Chapter 9: Eternal Rain (Part 1/2)

6.8K 354 34
                                    


Aku duduk dan memandang foto di atas meja sambil tersenyum. Itu adalah foto keluargaku saat aku berusia enam tahun. Biasanya, foto ini kusimpan di laci penyimpanan. Aku tidak tahu kenapa... Entah kenapa, setiap kali kulihat, aku merasa tidak nyaman. Di dadaku muncul rasa aneh saat melihat senyum ayah dan ibu. Fan dan aku mengenakan baju yang serasi dan saling berpegangan tangan. Kami tersenyum lebar ke arah kamera.

Bisakah keluarga ini jadi lebih hangat lagi? Andai aku benar-benar anak mereka, ah, pikiran seperti ini seharusnya tak pernah ada di benakku. Tapi tidak semuanya buruk. Kami biasa makan bersama, menghabiskan waktu, berbicara, menjadi ayah dan ibu, putri, putra, saudara, dan keluarga. Separuh dari mereka pernah menjadi keluarga...

Sudah lebih dari seminggu sejak aku membuat janji pada Phi Fah. Aku bertanya, apa aku perlu membuat kontrak? Phi Fah berkata, dia memberikan kontrak seperti ini kepada setiap anak yang dia bimbing. Ada banyak yang suka meninggalkannya sebelum selesai. Karena mereka merasa kehilangan semangat dan tidak ingin melanjutkan bimbingan, yang mana Phi Fah tidak ingin hal itu terjadi. Tidak begitu mengejutkan. Phi Fah tetaplah Phi Fah.

Tidak ada yang berubah di antara kami. Yang kusuka adalah bahwa hubungan ini tetap seperti ini, layaknya saudara biasa. Kami sesekali mengobrol, pergi ke kafe bersama. Malam hari, kami saling menelepon dan belajar bersama. Tapi aku tidak menelepon setiap malam karena Phi Fah punya murid lain. Rasanya... sedikit menyakitkan, tapi tak apa. Tidak ada yang lebih sakit daripada harus mengucapkan selamat tinggal.

Ini seperti menghitung hari-hari menuju kesendirian. Aku mulai membencinya.

Saat aku menengadah, yang kulihat hanyalah awan gelap.

Aku suka kata itu. Mereka bilang, langit setelah hujan selalu indah.

Tapi aku takut... aku sangat takut hujanku tidak akan pernah berhenti turun. "Sayang sekali hari ini tidak ada matahari," kataku pada tanaman yang kutanam. Sebelum aku memindahkan pot ke tempat teduh. Saat hujan, tetesan air
jatuh pada beberapa tanaman yang membutuhkan air, tapi ada beberapa yang menerima terlalu banyak air dan akan membusuk lalu mati.

Aku punya banyak tanaman di balkonku.

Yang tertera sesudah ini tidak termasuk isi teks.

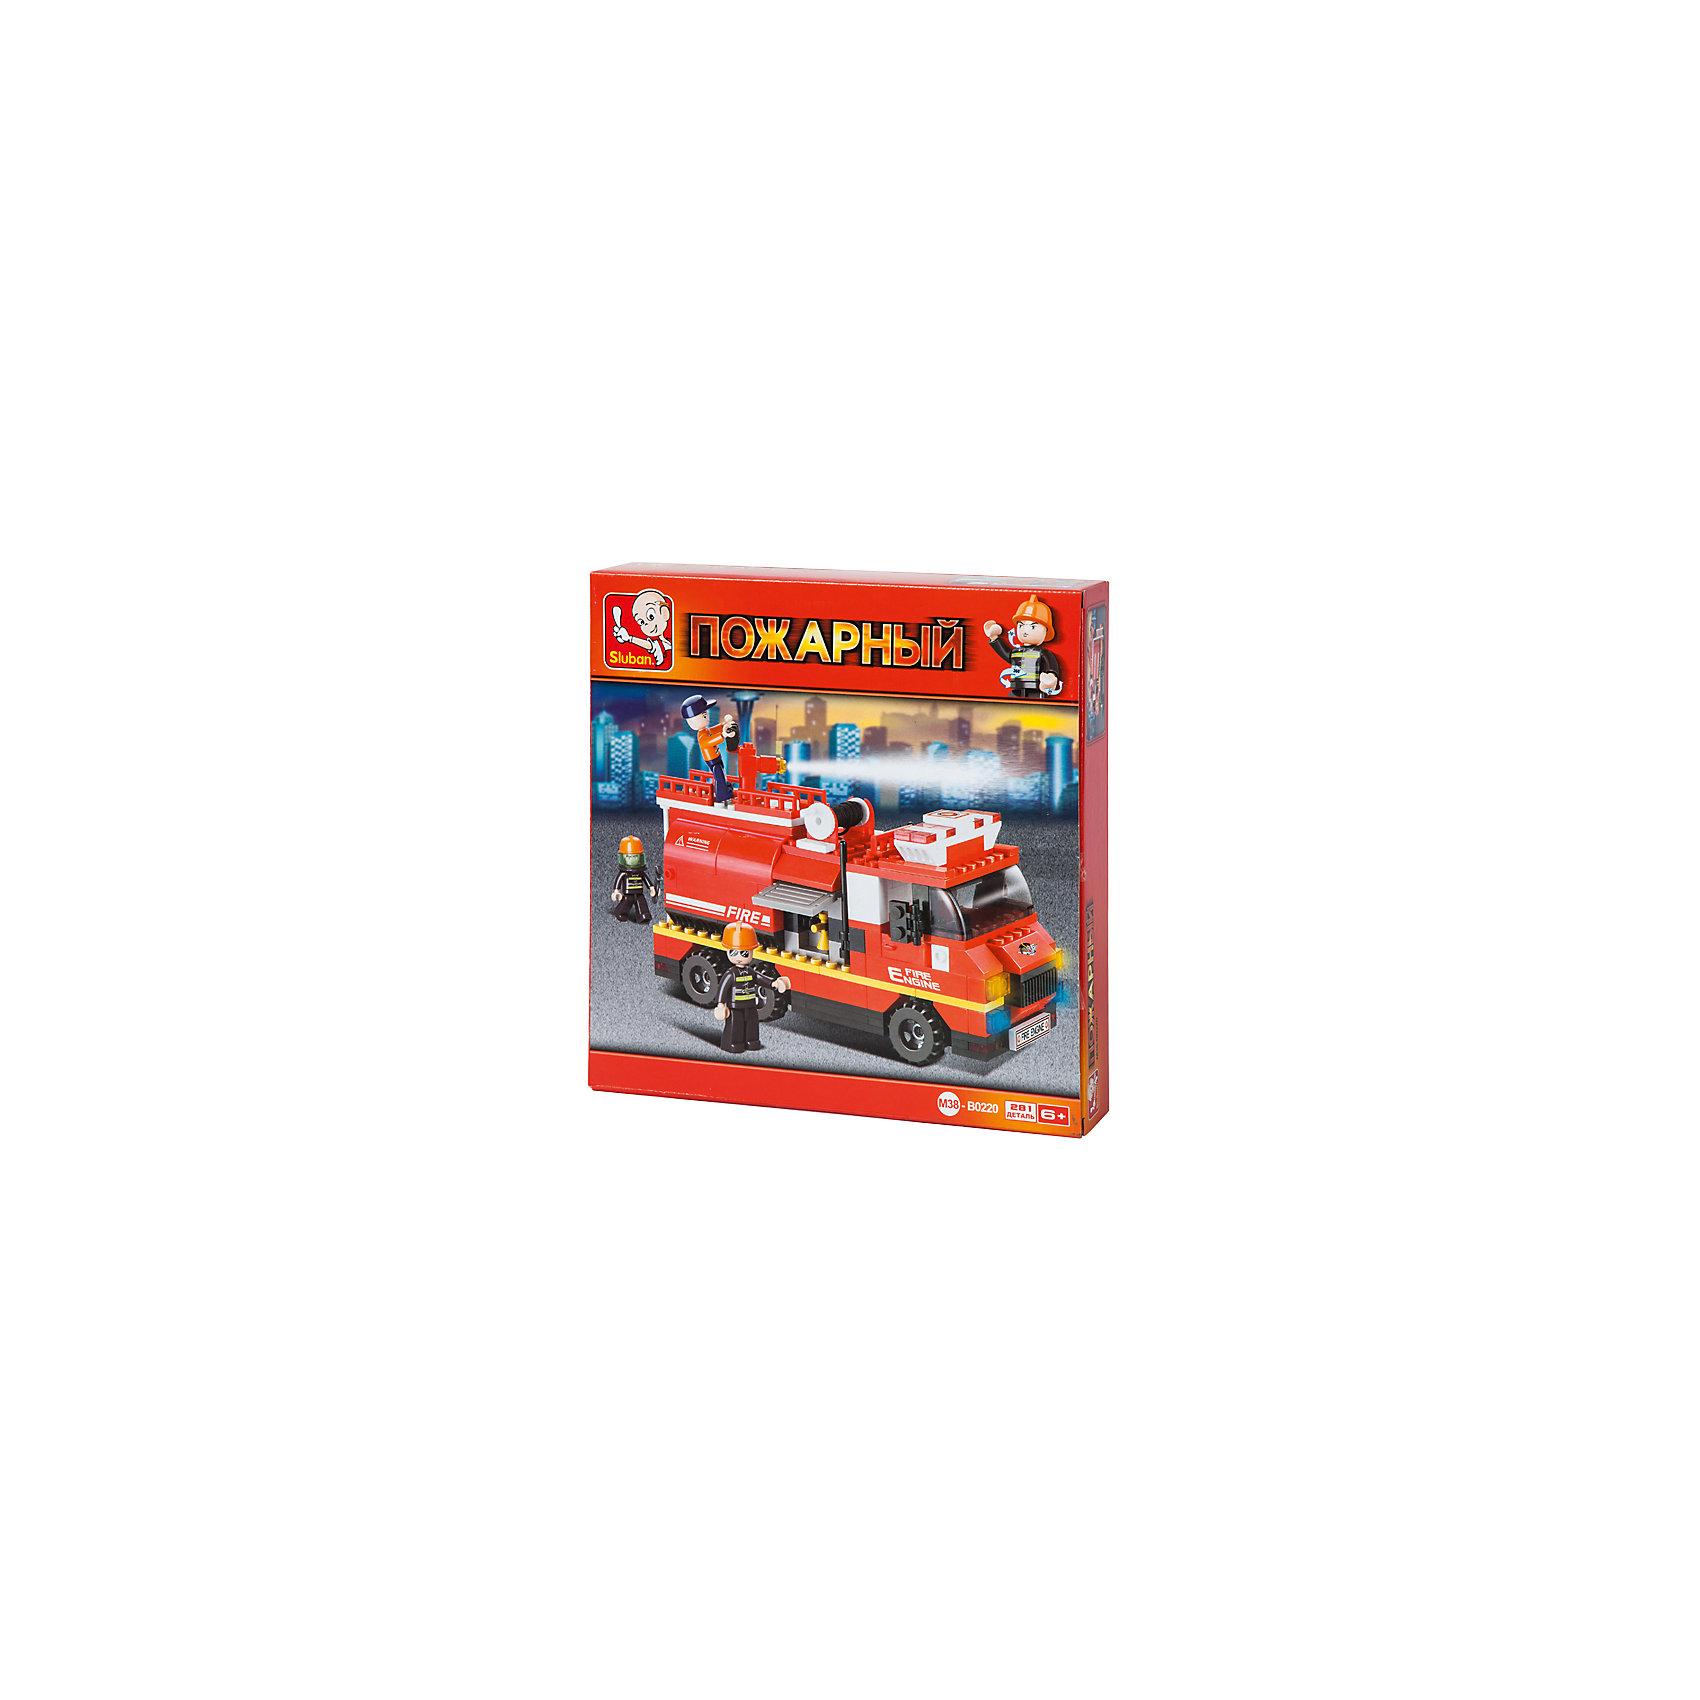 Конструктор Пожарный: Пожарная машина, 281 деталь, SlubanПластмассовые конструкторы<br>Конструктор Пожарный: Пожарная машина, 281 деталь, Sluban (Слубан)<br><br>Характеристики:<br><br>• возраст: от 6 лет<br>• пожарная машина с цистерной и водяной пушкой из конструктора<br>• количество деталей: 281<br>• количество фигурок: 3<br>• материал: пластик<br>• размер упаковки: 5,4х28,5х28,5 см<br>• вес: 510 грамм<br><br>Команда смелых спасателей не боится ничего, ведь у них есть машина с цистерной и водяной пушкой. А для того, чтобы собрать машину, ребенку необходимо соединить 281 деталь конструктора Sluban. С фигурками можно придумать интересные сюжетно-ролевые игры. Такой конструктор помогает развить мелкую моторику, воображение и усидчивость.<br><br>Конструктор Пожарный: Пожарная машина, 281 деталь, Sluban (Слубан) можно купить в нашем интернет-магазине.<br><br>Ширина мм: 285<br>Глубина мм: 285<br>Высота мм: 54<br>Вес г: 510<br>Возраст от месяцев: 72<br>Возраст до месяцев: 2147483647<br>Пол: Мужской<br>Возраст: Детский<br>SKU: 5453767

Hampir memenuhi seluruh ruangan. Phi Fah membawaku untuk membeli banyak tanaman. Aku juga membeli lemari untuk kamera. Phi Fah berkata, jika ada kesempatan istimewa, dia akan membeli kamera sebagai hadiah.

Jika ada...

Aku ingin memilikinya... sungguh ingin itu ada. Ah... akhirnya hujan mulai reda.
Aku berdiri di balkon, tanpa peduli beberapa tetes hujan yang menyentuhku. Tak peduli seberapa dinginnya, aku tak ingin menjauh dari sini, aku ingin memandang langit yang terus menangis seperti ini.

Karena langit meluapkan hujan...

Aku harus mengambil foto juga... Saat menyadarinya, aku segera mengambil kamera dan memotret. Sayang sekali, langitku tidak begitu cerah hari ini, tapi dia sudah menangis untukku.

Karena aku... Hampir tidak ada lagi air mata yang tersisa. Ponselku bergetar, memberi tahu bahwa seseorang telah mengirim pesan.

Tonfah: Aku belum mengirim langit hari ini.

Tonfah: Kirim foto

Tonfah: Cuaca hari ini sedang buruk.

Tonfah: Jangan keluar saat hujan.

Pesan ini saja sudah cukup membuatku mudah tersenyum.

Seseorang yang menatap langit bersamaku. Apa dia akan lebih sering menatap langit? Apa dia menyadari bahwa langit itu berubah setiap hari? Atau hanya sekadar mengirimkannya padaku?

Dan apa dia tahu bahwa langit itu berharga bagi seseorang?

TyPhoon: Kirim foto

TyPhoon: Iya, Phi juga jangan keluar saat hujan.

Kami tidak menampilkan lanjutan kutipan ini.